Publication: Business Day Issued: Date: 2003-11-27 Reporter: Rob Rose

Maduna Urges Ngcuka to Take Legal Action

 

Publication 

Business Day

Date 2003-11-27

Reporter

Rob Rose

Web Link

www.bday.co.za

 

Rumour mongers must be made to pay, says justice minister

Justice Minister Penuell Maduna said yesterday the Hefer commission had reaffirmed the integrity of the justice department after the claim that Scorpions boss Bulelani Ngcuka was a spy for the apartheid government collapsed.

The accusation that Ngcuka may have been an apartheid spy fell apart over the past two weeks as his chief accusers, Mo Shaik and Mac Maharaj, failed to provide convincing evidence to the commission.

Although the inquiry continues and Judge Joos Hefer has not yet compiled his findings, Maduna said National Director of Public Prosecutions Ngcuka should seek damages in court from "rumour mongers" that had defamed him.

In an interview, Maduna said the commission confirmed what he knew all along: that the charge against Ngcuka was baseless.

"I never had any reason to suspect that the allegations were true. But the commission was the only way to get the whole thing out," he said. Maduna said he first became aware of the rumour in 2001, after which he approached Shaik and asked the former African National Congress (ANC) intelligence operative to provide him with details of the spy allegations.

Shaik told the commission that while Maduna had indeed approached him, he did not answer Maduna as he did not trust the justice minister's motives.

"But I never had any evil motives," Maduna said yesterday.

Now that the dust has begun to clear and it appears unlikely that any further evidence against Ngcuka will emerge, Maduna said the Scorpions boss should consider taking legal action against Shaik. "Rumour mongers must be made to pay. If I was (Ngcuka), I would investigate the possibility of suing Shaik because he has been defamed," he said.

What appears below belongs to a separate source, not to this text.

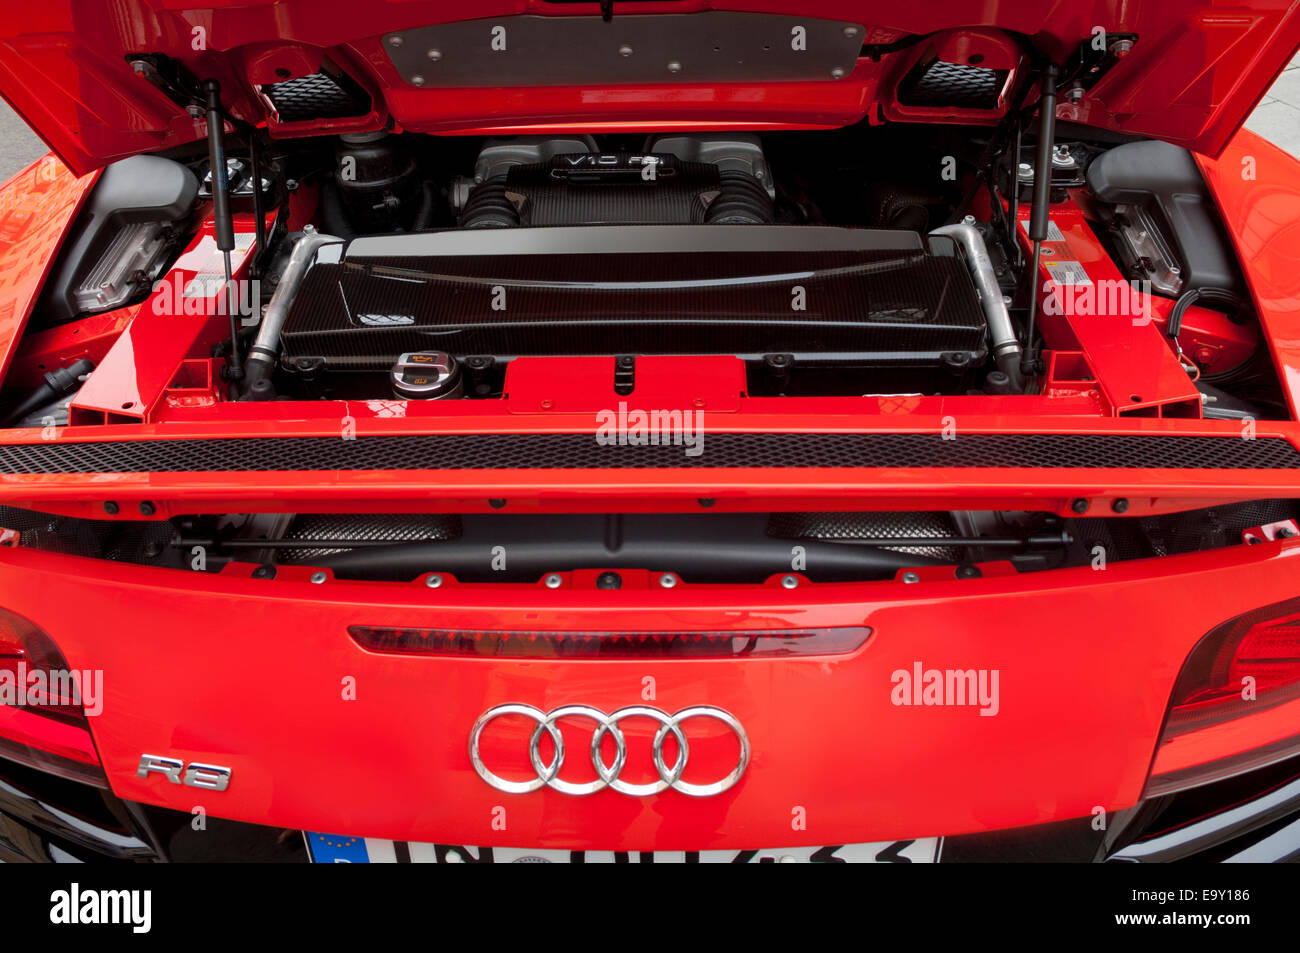 Audi R8, MOTORE V10, aperto del vano motore Foto stock - Alamy

He said that these "rumour mongers" who have no basis for their allegations had to be brought to book, irrespective of whether they were being used by any other party to punt a specific agenda.

Maduna himself is taking legal action against Independent Democrats leader Patricia De Lille, who has claimed in the past that Maduna was a spy.

Despite Maduna's earlier requests that De Lille provide her evidence, she did not do so and Maduna has now decided to take legal action.

"She left me with no alternative but to sue her. She was given an opportunity to go to the Hefer commission, but she never did," he said.

De Lille had claimed that the terms of reference for the Hefer inquiry did not extend to cover the Maduna allegations.

The rather public rift in the ANC sparked by Ngcuka's investigation of Deputy President Jacob Zuma has already spawned its victims.

Amid this mess, Maduna had indicated he will not stand for cabinet next year, although Ngcuka is still expected to serve out the remainder of his term as the head of the prosecutions directorate.

With acknowledgements to Rob Rose and Business Day.